(EXERCISE AIM) Apart from the pictures, everything in the lines below must be printed exactly.

(INPUT DATA)

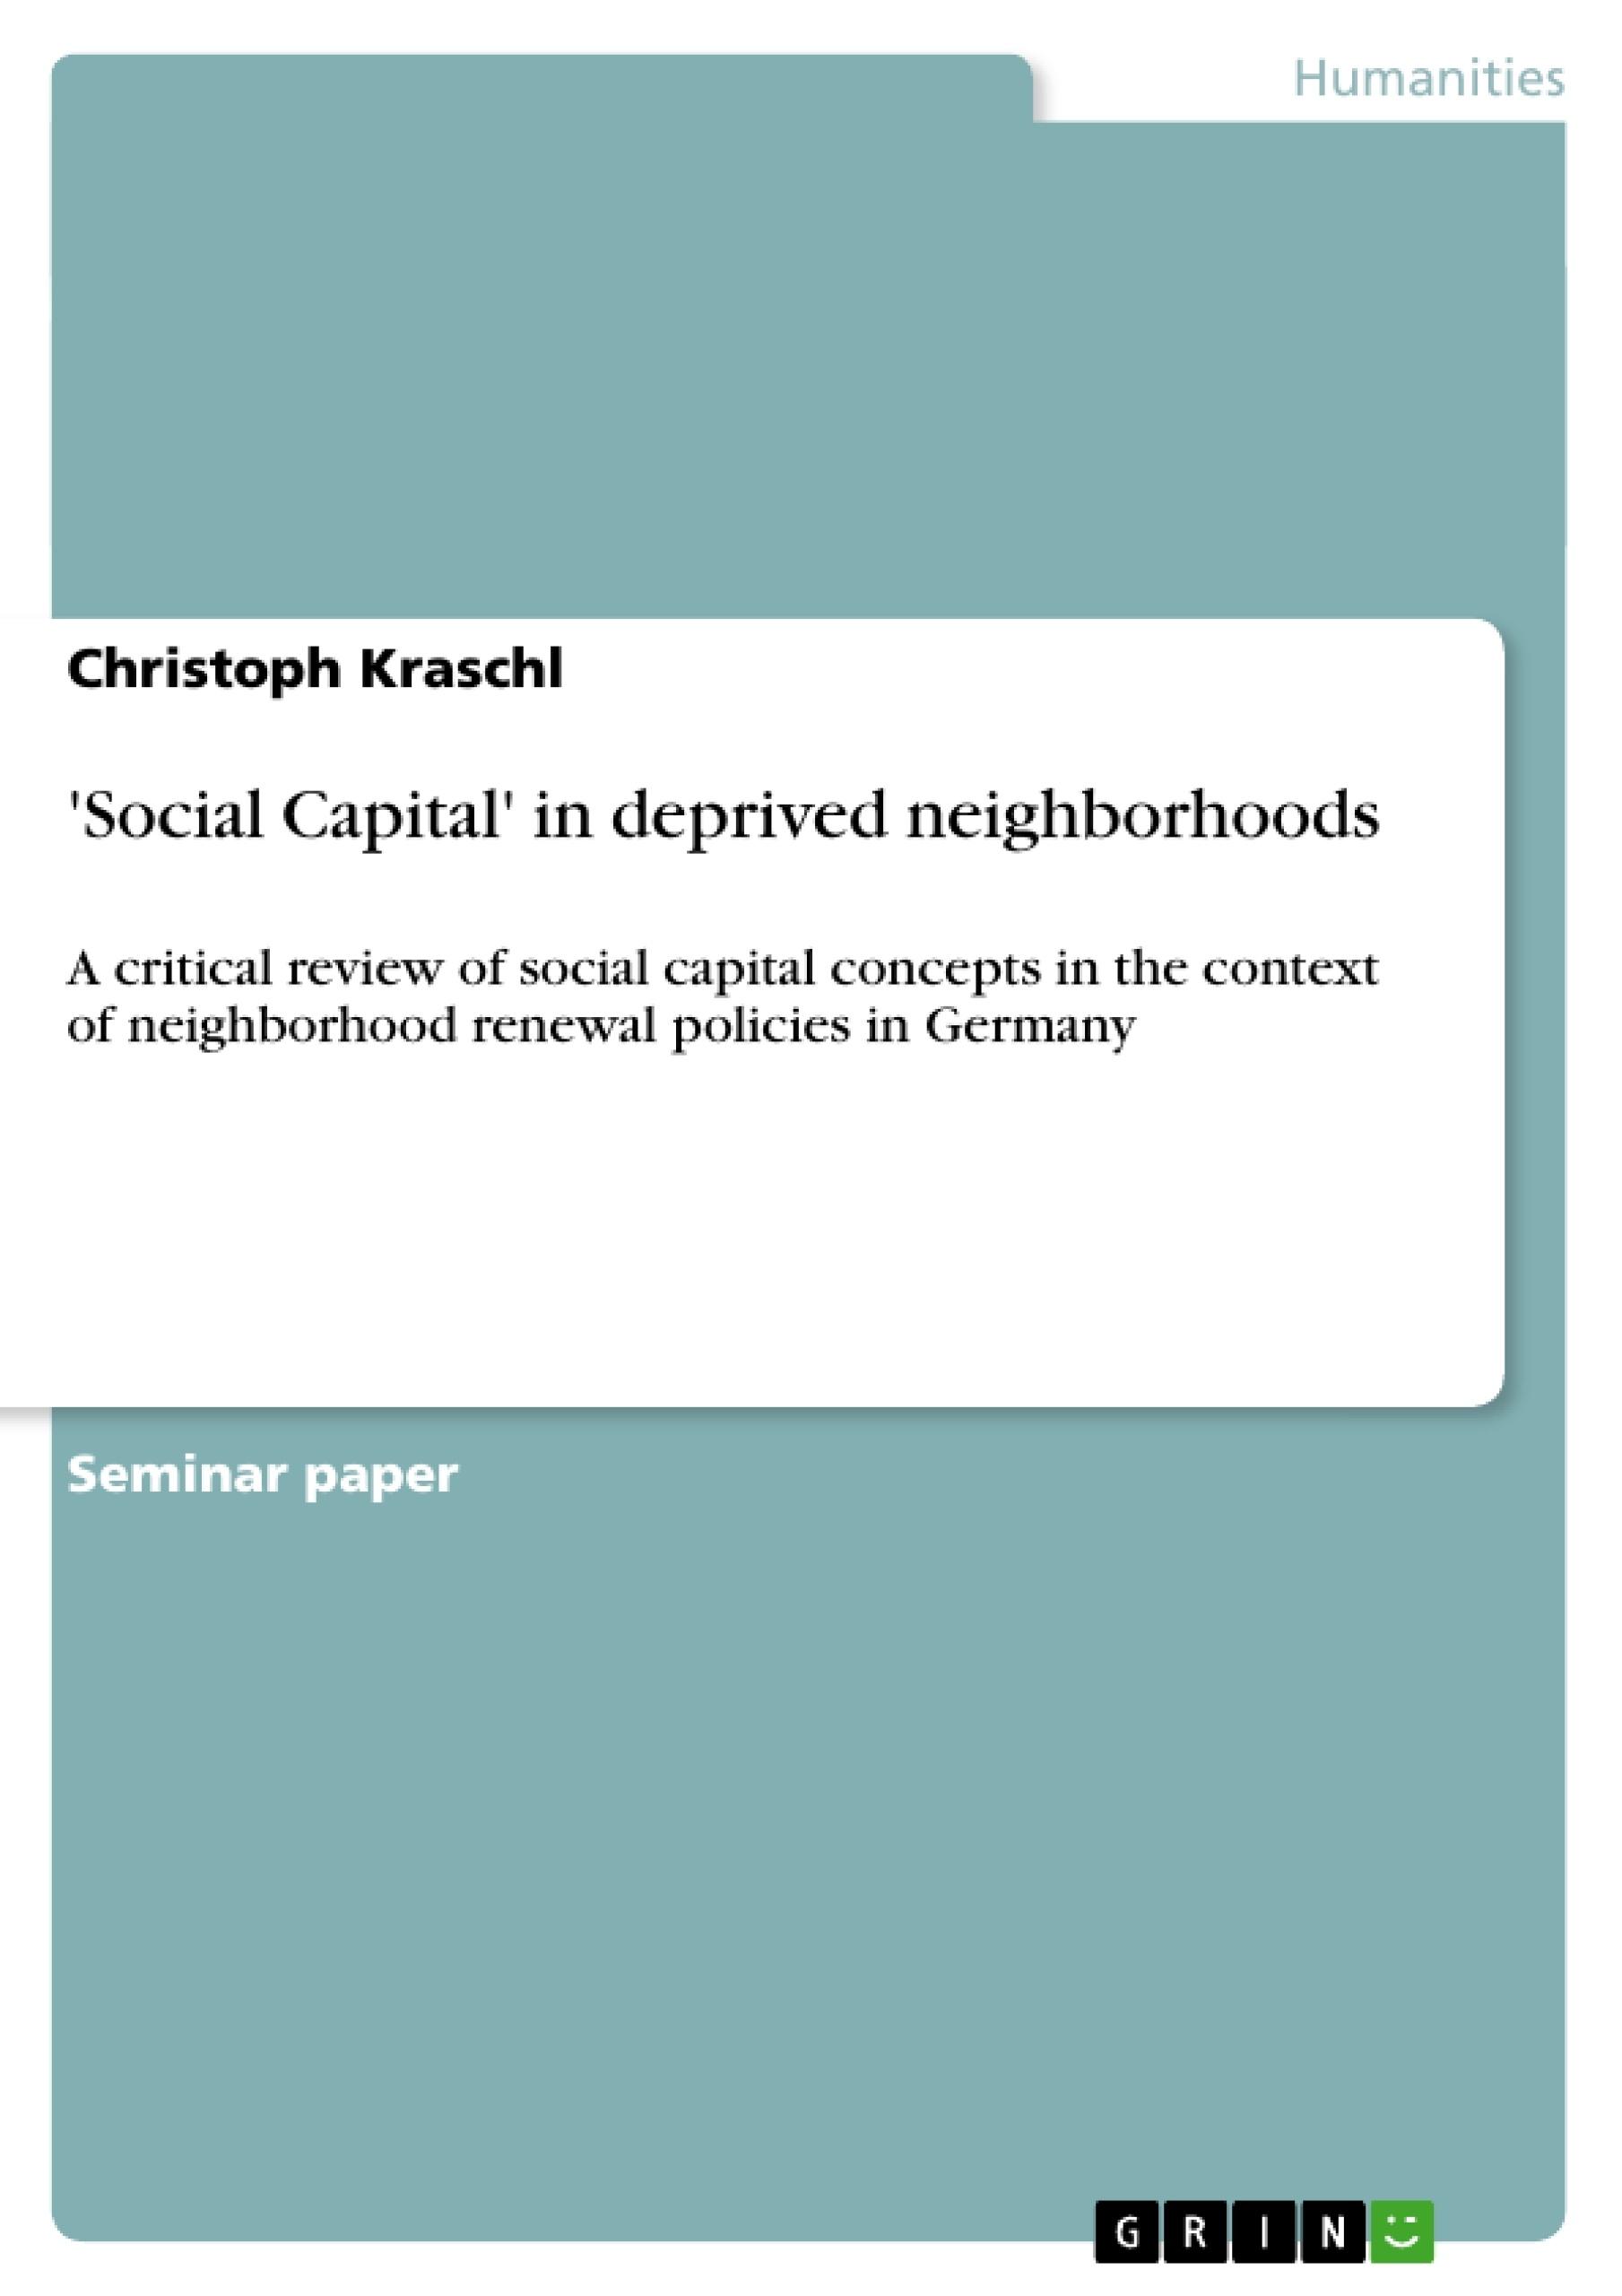 Title: 'Social Capital' in deprived neighborhoods
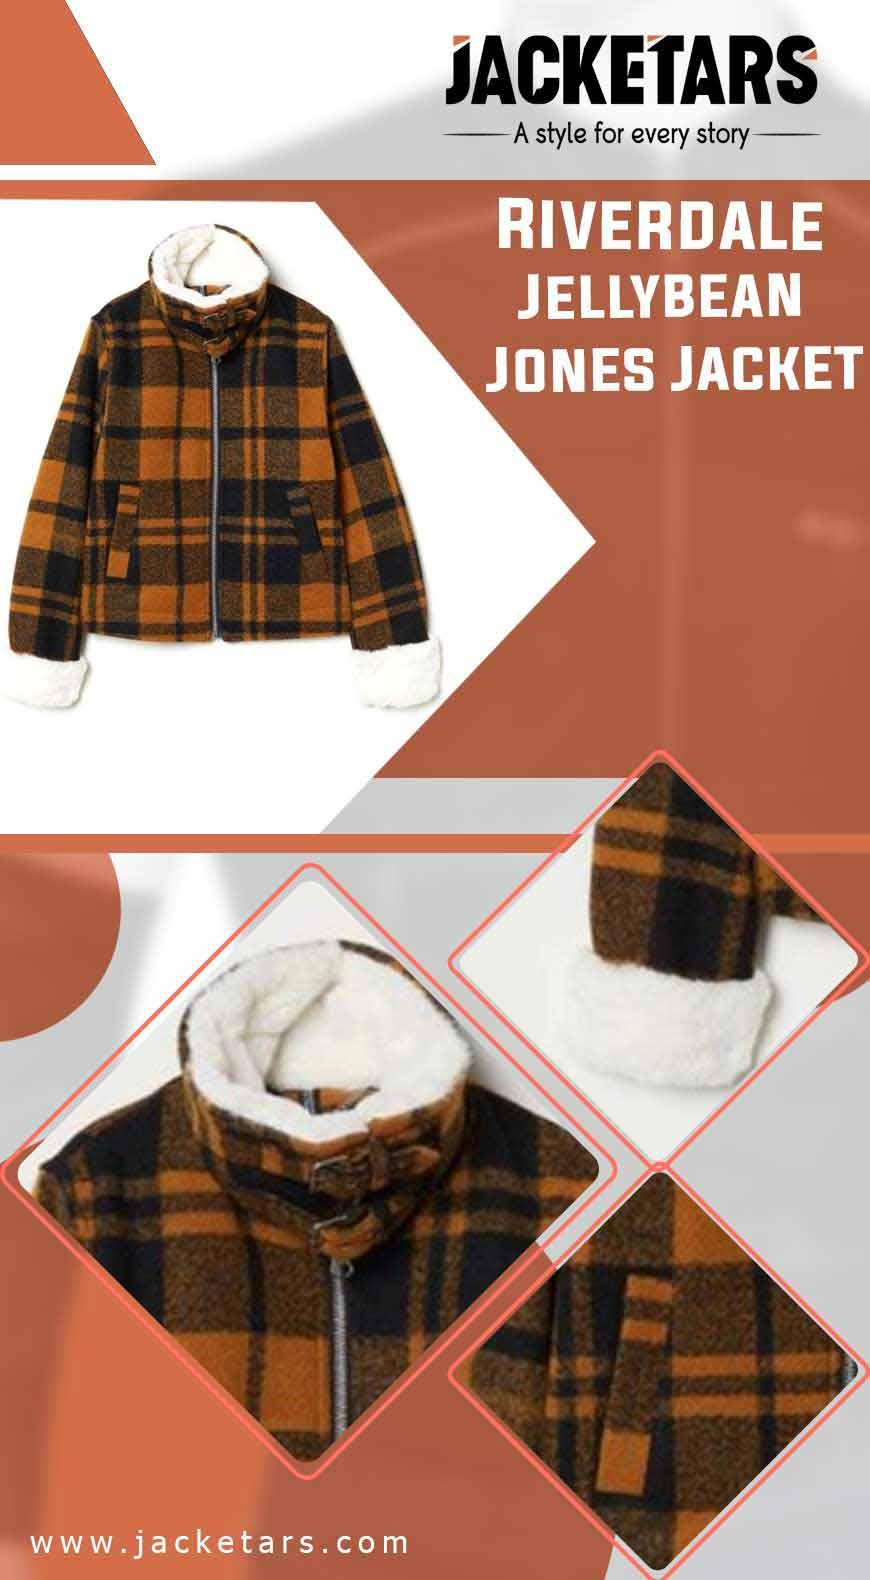 Riverdale Jellybean Jones Jacket info
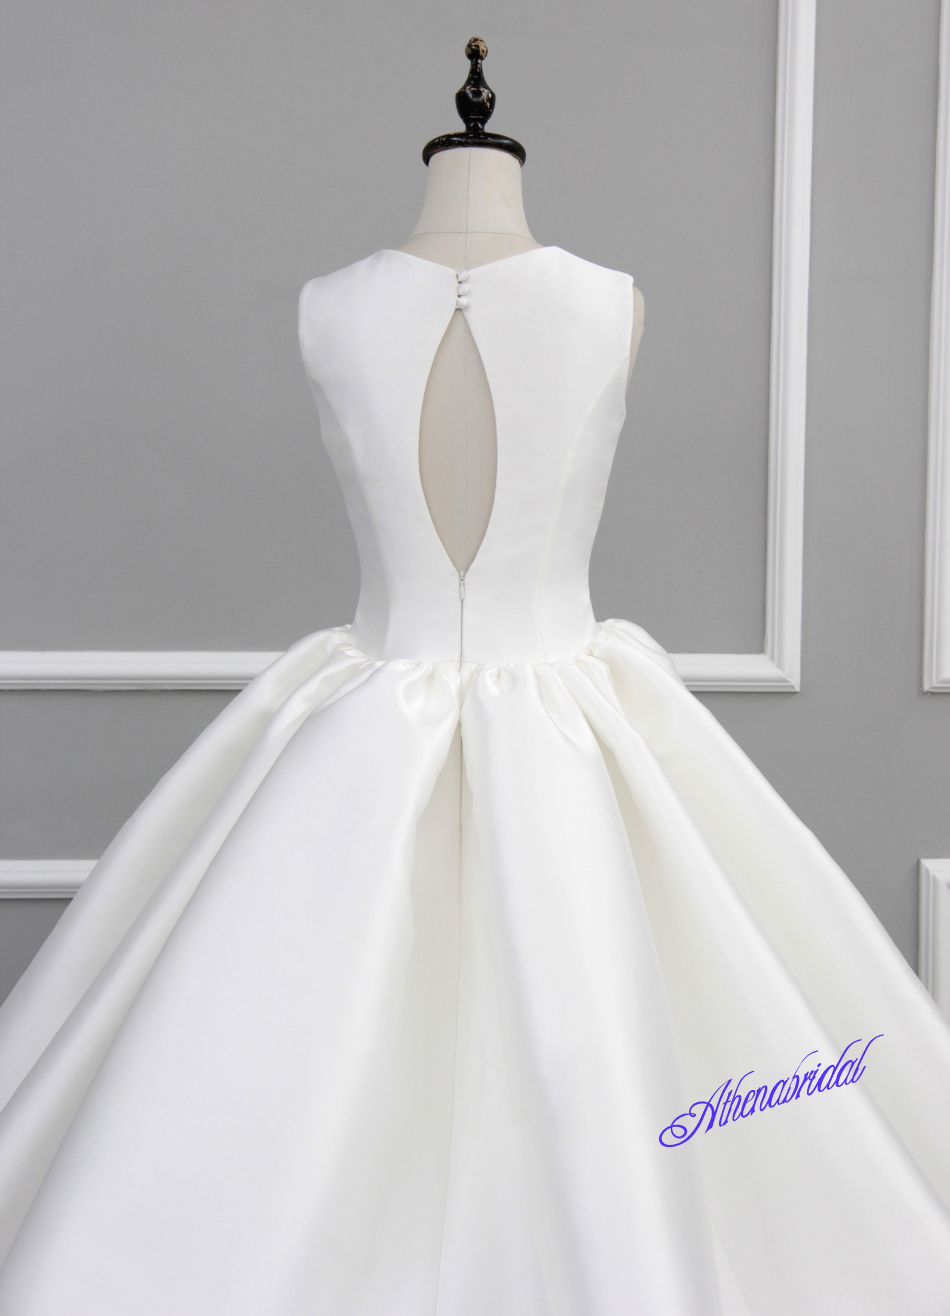 White wedding dress, strapless wedding dress, simple wedding dress ...

(FINAL ANSWER)
 Title: 'Social Capital' in deprived neighborhoods
 Riverdale Jellybean Jones Jacket info
 White wedding dress, strapless wedding dress, simple wedding dress ...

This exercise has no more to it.